Select 1 AS TheKey,'With the data and the dummy routine, you can test to make sure it fails all your automated component tests.' AS TheSentence

UNION ALL SELECT 2,'If it passes, you’re probably in trouble.'

UNION ALL SELECT 3,'Produce a Development harness.'

UNION ALL SELECT 4,'In the course of developing T–SQL code, you will occasionally want to know the values in variables, temporary tables and other awkward places.'

UNION ALL SELECT 5,'If you have all the time you want, and like developing at about the speed that small mammals evolve, then use an IDE.'

UNION ALL SELECT 6,'Otherwise, develop techniques that basically use a temporary log and our own debug code.'

UNION ALL SELECT 7,'The simple version of this used to be called ‘PrintEffing’ (after printf), but here we ''print'' to a simple log that records the time automatically: From then on simple SQL gives you timings for the various components of your routine.'

UNION ALL SELECT 8,'You’ll also want to know about inefficient code.'

UNION ALL SELECT 9,'At this stage, you shouldn’t rely on the profiler, Time statistics, the execution plan or extended events to test the performance of code.'

UNION ALL SELECT 10,'You need something far more rapid and reliable.'

UNION ALL SELECT 11,' I like to use two different types of harnesses, a development harness and a ‘verbose’ harness to test a stored procedure in actual use.'

UNION ALL SELECT 12,'A development-harness is the SQL equivalent of scaffolding, to show how long all the various parts of a long routine are taking. Developers tend not to agree on how to monitor the performance of routines under different data-sizes.'

UNION ALL SELECT 13,'I like to know how long a routine took, often every time it is called, and what the parameters were. I also like to be able to pick two points within a routine and know how long it took to run.'

UNION ALL SELECT 14,'I like the information immediately, so one can rapidly try out different techniques.'

UNION ALL SELECT 15,' I also occasionally like to graph results in Excel.'

UNION ALL SELECT 16,' There are subtleties, of course.'

UNION ALL SELECT 17,'Do you clear cache before you do a test-run?,Do you force a compilation?'

UNION ALL SELECT 18,'It is as well to have the T–SQL to hand to twiddle these knobs, commented out when you don’t want them.'

UNION ALL SELECT 19,'At this point, I check the database’s strategies for audit, error-reporting, and performance monitoring, and comply with them in the harness, as it makes sense to design development and production harnesses together, and an audit obligation could affect performance anyway.'

UNION ALL SELECT 20,'So you''ll need TO test, test, test again'

UNION ALL SELECT 21,'testing is quite fun anyway'

UNION ALL SELECT 21,'to test is good'

UNION ALL SELECT 22,'unless something fails a test'

Now, with a bit of head-scratching, and the use of a simple RegEx in the SSMS ‘find’ dialog-box, we work out that, if we stick rigidly to just displaying fifty characters, the result we need is this, if we search on the word ‘Test’.

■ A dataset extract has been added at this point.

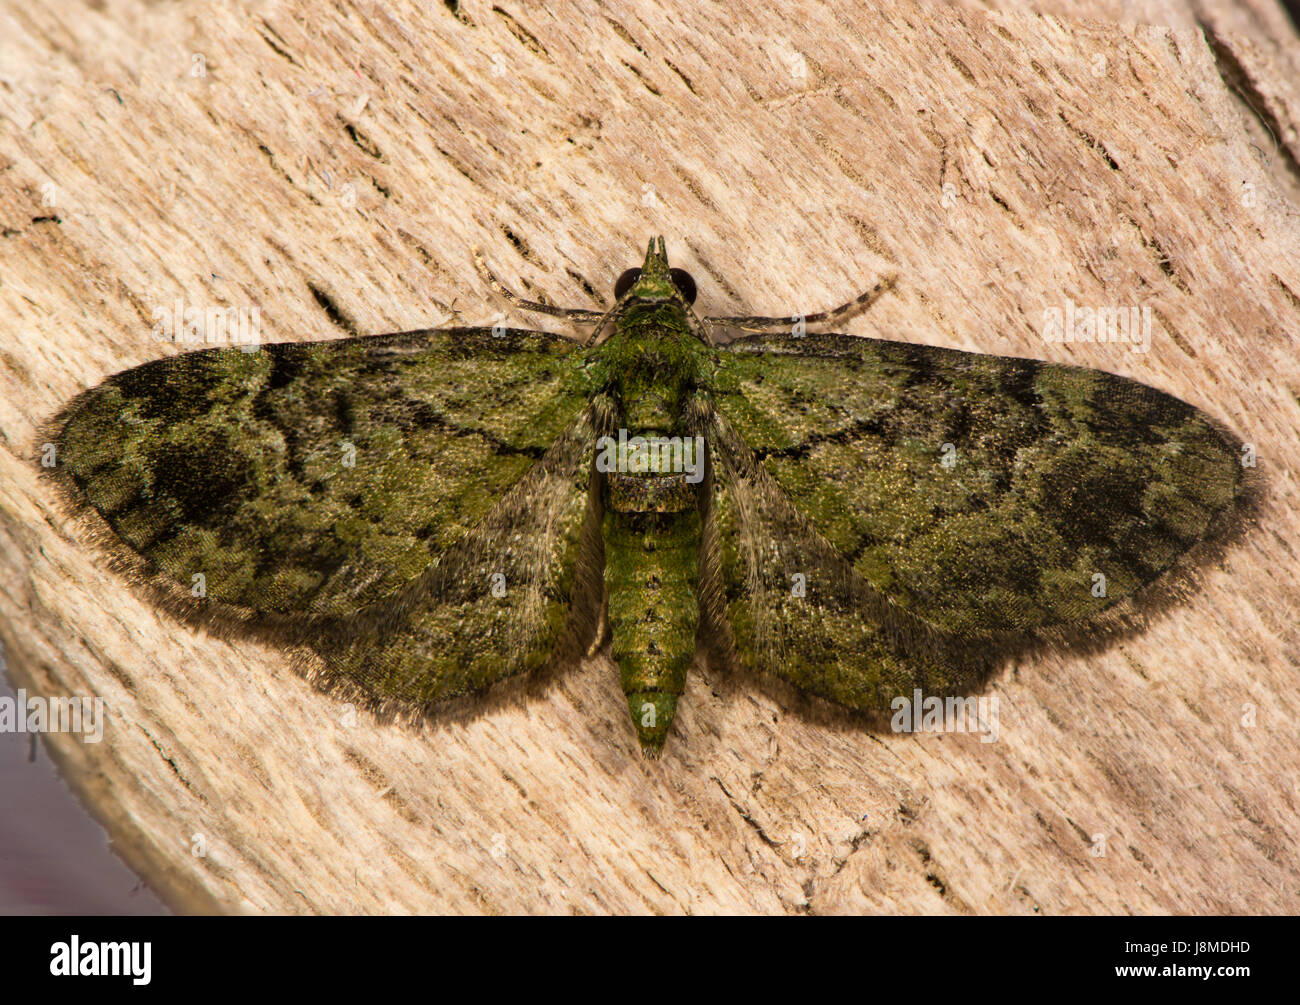 Grüne Mops (Pasiphila Rectangulata) Motte. Britische Insekt in der Familie Geometridae, Geometer Motten, in Ruhe auf Holz Stockfoto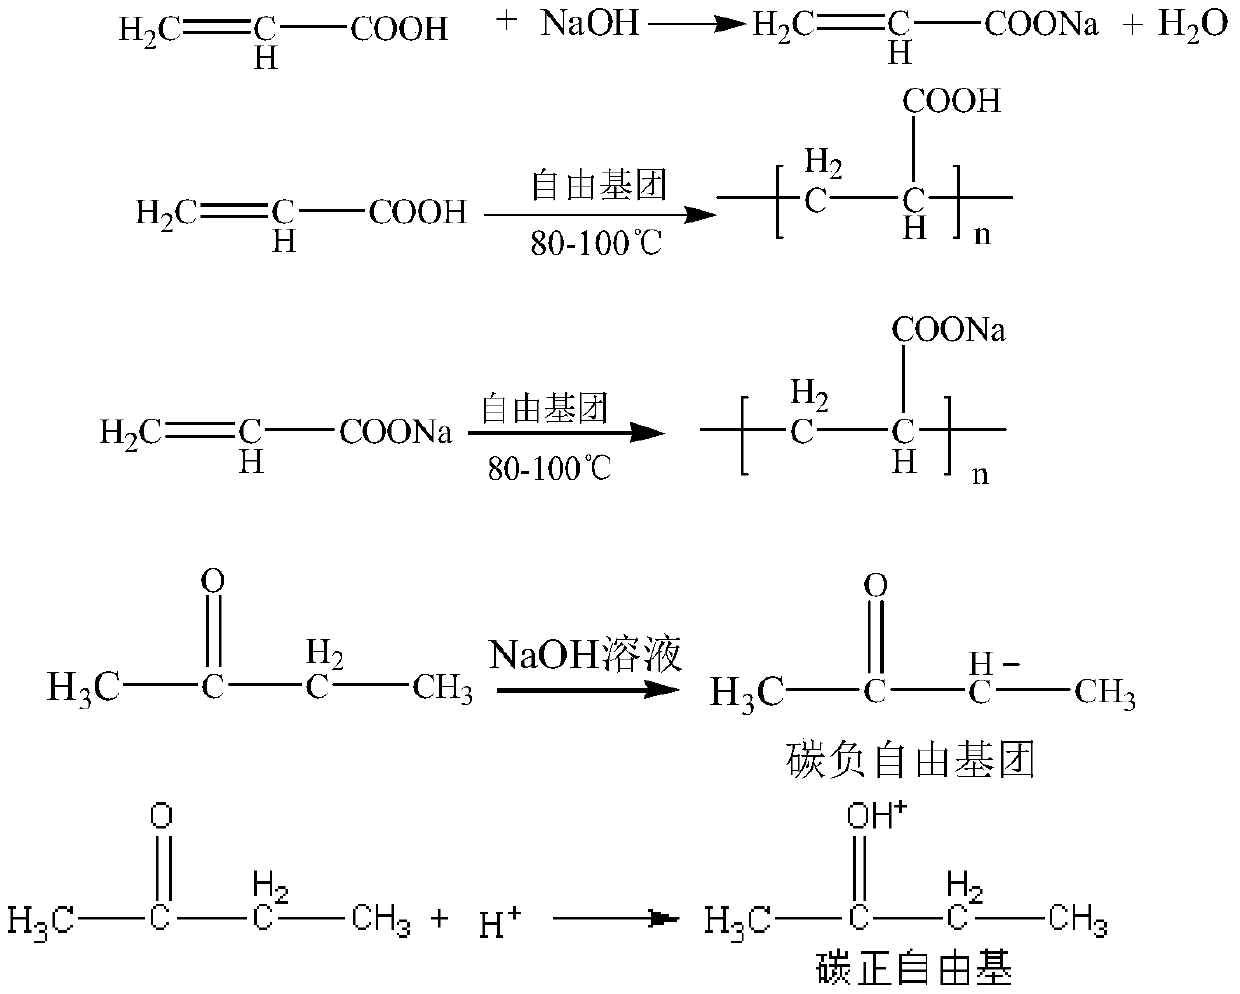 Treatment method of butanone residues containing acrylic acid adhesives

ThePrimaryKey StartOfString context

------------- ------------- --------------------------------------------------

1 46 ...my routine, you can test to make sure it...

1 102 ...ails all your automated component tests.

9 110 ... events to test the performance of code.

11 99 ...o test a stored procedure in actual use.

17 36 ... a test-run?,Do you force a compilation?

20 19 ...So you'll need to test, test, test again

20 25 ...So you'll need to test, test, test again

20 31 ...So you'll need to test, test, test again

21 1 testing is quite fun anyway

21 4 to test is good

22 26 unless something fails a test

We then construct a view that gives the correct result.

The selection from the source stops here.